Data from the FICO Card Alert Service shows a 48% increase in ATM fraud as a result of skimming from 2012 to 2013 (ATM fraud meaning the thief used the stolen PIN and card information to fraudulently withdraw funds from an ATM). The bulk of those fraudulent withdrawals used information skimmed from bank-owned ATMs, according to a post to the FICO Banking Analytics Blog written by John Buzzard, manager of product management and fraud operations at FICO.

ATM fraud is only one of several potential outcomes of skimming — a thief can use your stolen debit card information as many ways as you can use the card — but it’s definitely a troubling one. You could quickly find yourself with an empty bank account if someone uses your info to take money out of an ATM, and while you wait for fraud protection to kick in, you may struggle to meet other financial obligations.

After bank-owned ATMs, point-of-sale (POS) systems were the next most common source of card skimming, followed by non-bank-owned ATMs.

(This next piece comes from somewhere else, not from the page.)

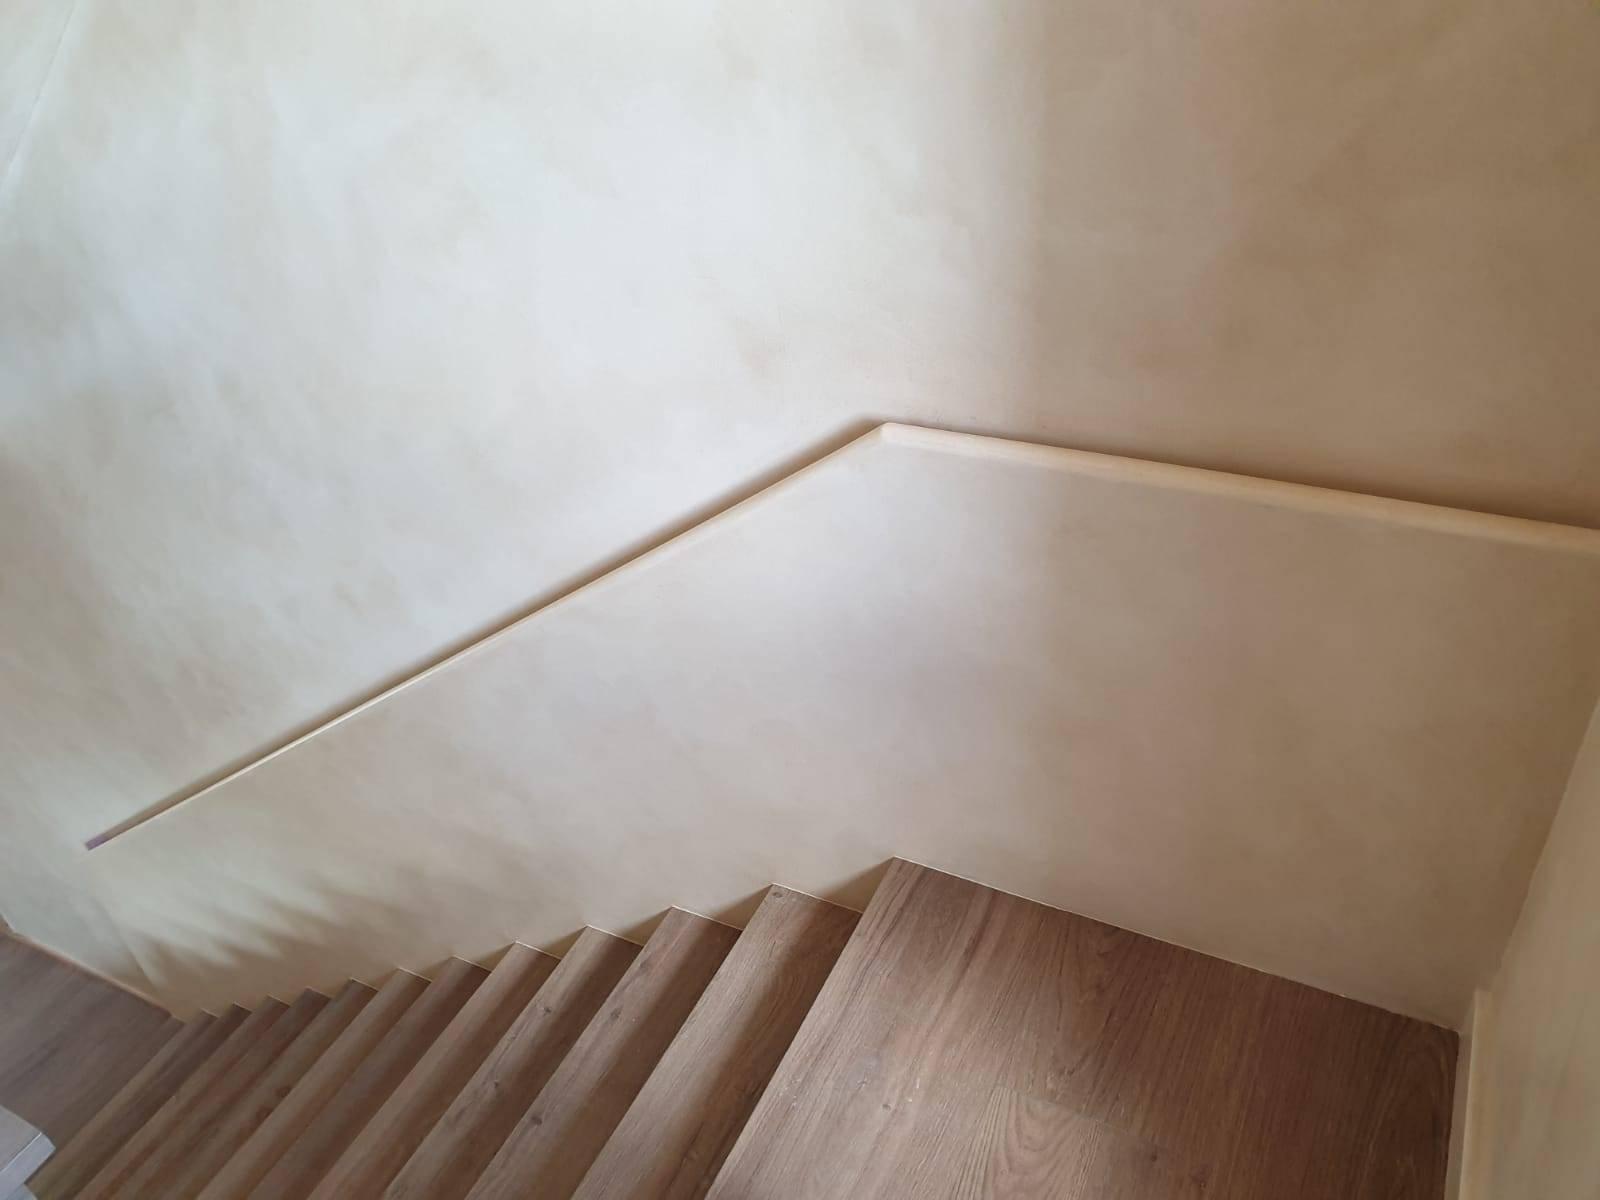 decoracion-rosa-lopez-decoradora-interiores-madera-mobiliario-pared-microcemento8
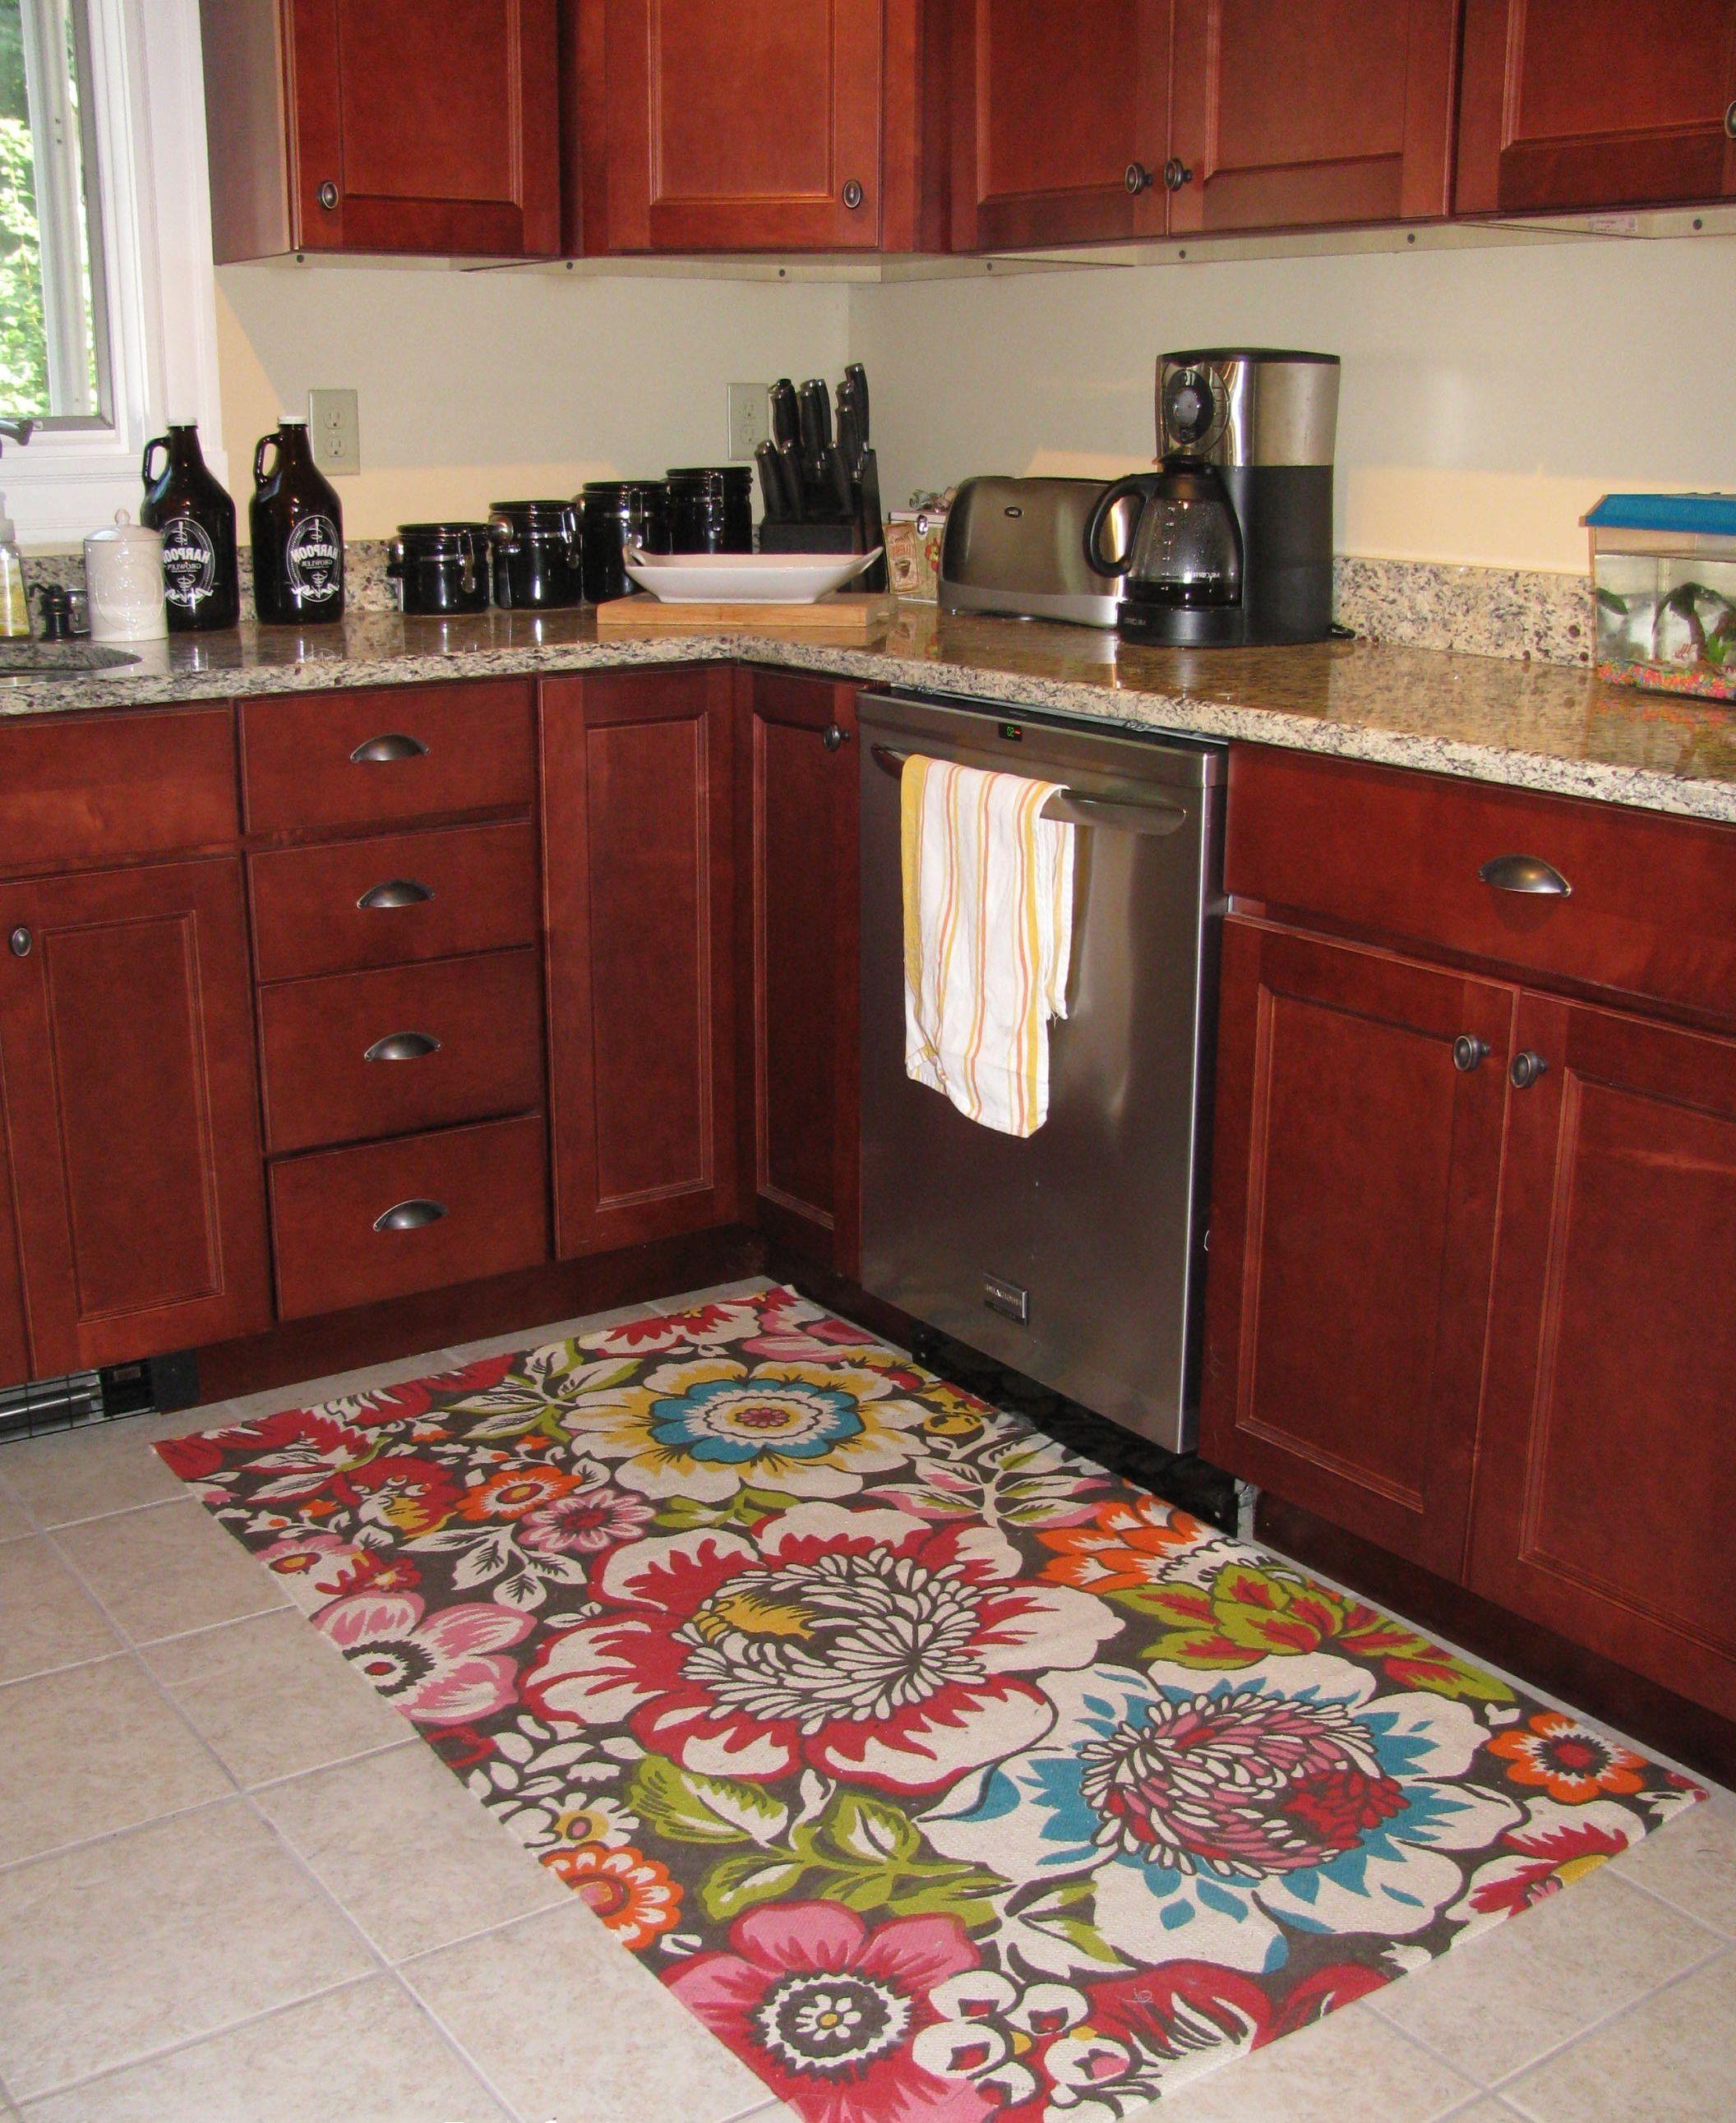 Great Kitchen Floor Mats | http://web4top.com/ | Pinterest | Kitchen ...

While POS skimming has been all over the news with the Target data breach, Buzzard noted that most of the cards stolen in that breach have not led to ATM fraud.

It’s disconcerting to see bank-owned ATMs as the main source of skimming that leads to ATM fraud, considering that those terminals tend to be seen as more secure than independently owned ATMs. Bank customers are also more likely to favor those ATMs because they may be able to avoid fees. Even more disturbing: Less than 20% of ATM fraud originated from cards skimmed at bank-owned ATMs in 2011, but that grew to just more than 50% in 2013. That’s a big jump.

That’s not to say you should avoid bank-owned ATMs. As with all financial security, it’s important to regularly look at your transaction activity.

“There’s so much technology that’s free and available to the consumer today that it’s a shame that so many of them aren’t taking advantage of it,” Buzzard said, noting that many banks and credit unions offer free, secure smartphone apps to their customers. “A quick look every day, it’s really powerful. You don’t have to live and breathe your personal finance, but it’s really important to have something that at a glance you can look at your accounts in detail.”